Incomplete cord injury is usually more challenging to diagnose. Several classic variants exist, but there is significant disparity in presentation. The anterior cord syndrome occurs in most cases from hyperflexion of the cervical spine. The anterior two-thirds of the cord are affected but the dorsal columns, controlling light touch, proprioception, and vibratory sense, are spared to a variable degree (Fig. 9–5A). Central cord syndrome is due to hyperextension injury and occurs frequently in patients with preexisting cervical degenerative joint disease. In this setting, the central portion of the cord is compressed between the ligamentum flavum and bony osteophytes. Clinically, the patient will exhibit motor impairment that is greatest in the upper extremities with variable amounts of sensory loss and bladder dysfunction (Fig. 9–5B).

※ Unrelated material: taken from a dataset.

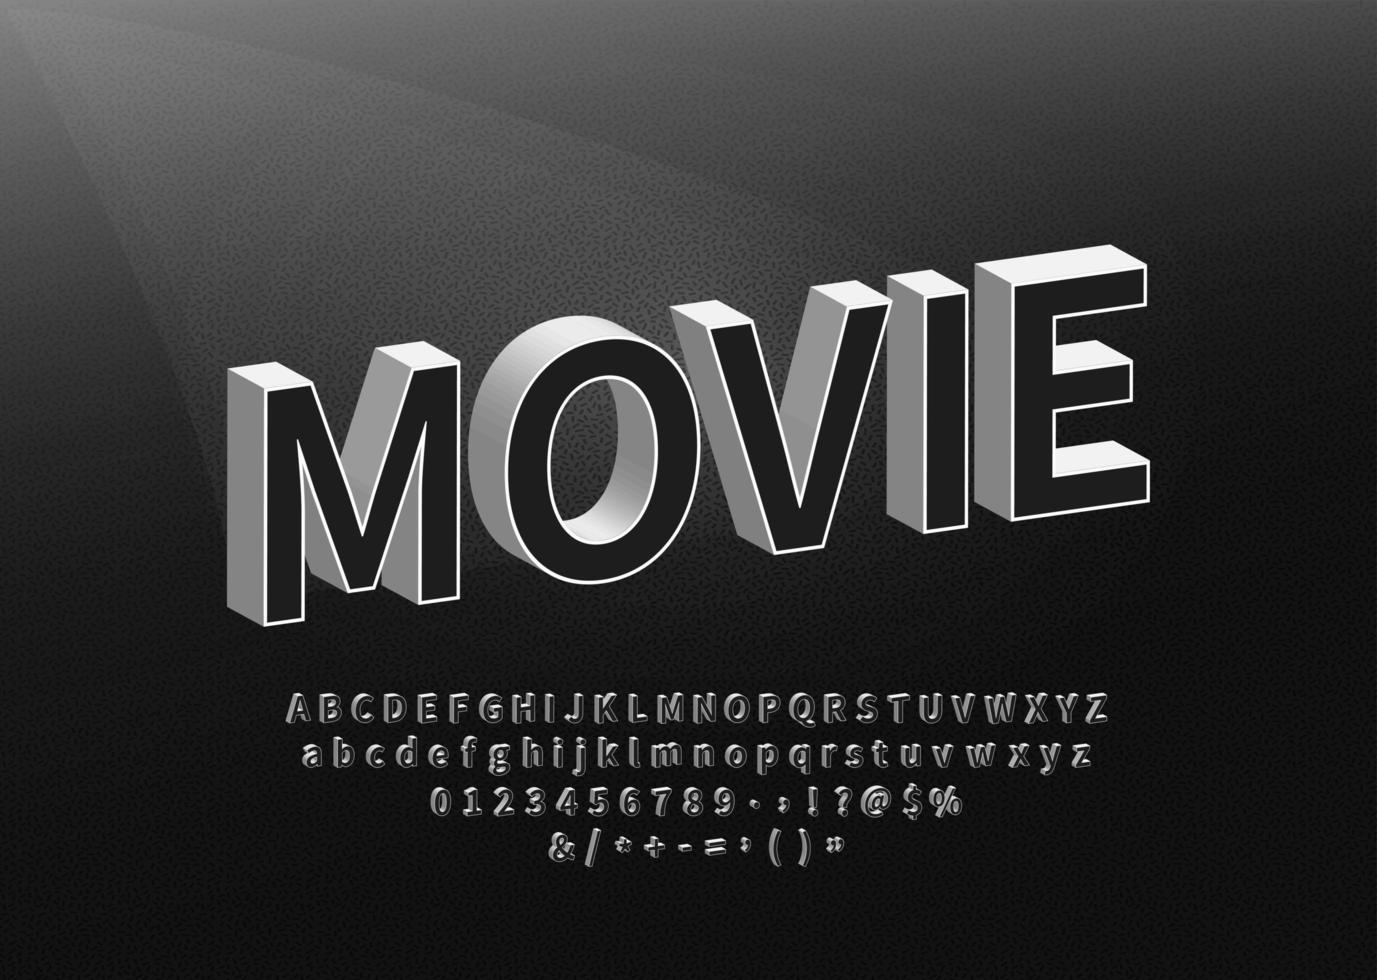 alfabeto de estilo de película retro vector
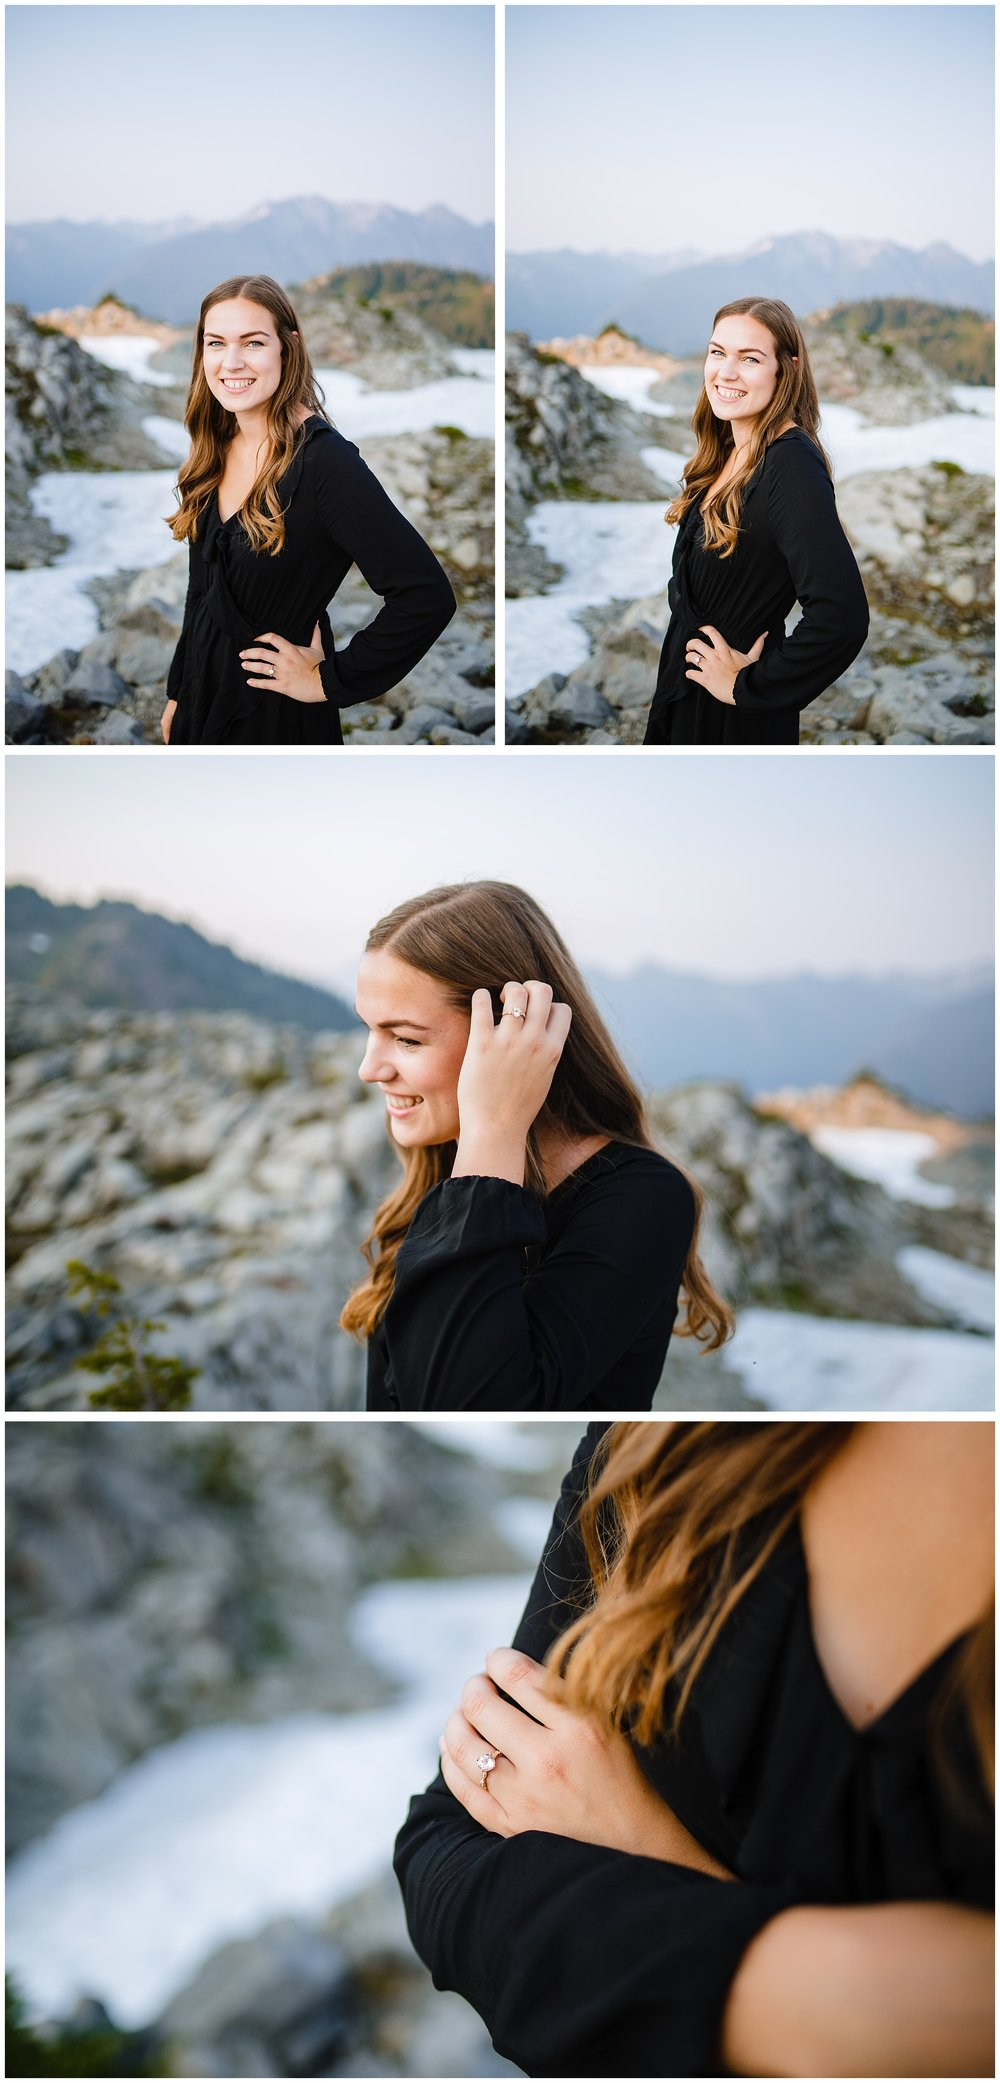 Mt Baker Artist Point Engagement Photography Mountain Inspo Couples Photographer Evening Romantic_0002.jpg

Finally, the Brown-Sequard syndrome is a rare condition due to unilateral loss of cord function from hemisection of the spinal cord (Fig. 9–5C). The patient will exhibit paralysis with loss of proprioception, vibration, and light touch on the side of the damage and loss of pain and temperature sensation on the contralateral side.
Incomplete spinal cord syndromes. A. Anterior cord. B. Central. C. Brown-Sequard.
Neurogenic shock should be considered in the patient with hypotension, bradycardia, and traumatic spinal cord injury once other causes of shock have been excluded. There is no consensus on the optimal treatment of neurogenic shock. Crystalloid fluid infusion and cervical stabilization may be all that is necessary in mild cases. Pressors are indicated if vascular instability persists.
In patients with blunt traumatic spinal cord injury, high-dose steroids were considered as a treatment option early postinjury.19,20 Even within the recommended 8-hour window, steroids carry a significant incidence of complications such as sepsis and pneumonia. In addition, the evidence for the efficacy of steroids to produce a small gain in the total motor and sensory score was seen only in a post-hoc analysis. This fact increases the likelihood that a statistical difference will be found when one does not exist and generally precludes the results from being used to change clinical practice.21 Therefore, without compelling evidence for the efficacy of a high-dose steroid regimen, many feel that steroids should be used with caution or not at all.22,23 Several medical societies have stated that this treatment is not a “standard of care” and recent literature recommends not using steroids in spinal cord injury as the risk of harm outweighs the potential benefit.24,25
The cervical spine is divided into two segments for the purposes of this chapter. High cervical spine injuries are those that involve the occiput, C1, and C2. The remainder of the chapter focuses on injuries to the third through seventh cervical vertebrae. This discussion categorizes injuries based on the mechanism of injury. Clinical stability of each injury is discussed. Loss of stability refers to the inability of the spine to maintain relationships under normal physiologic loads. With instability comes the inherent risk of secondary spinal cord injury if spinal immobilization is not adhered to.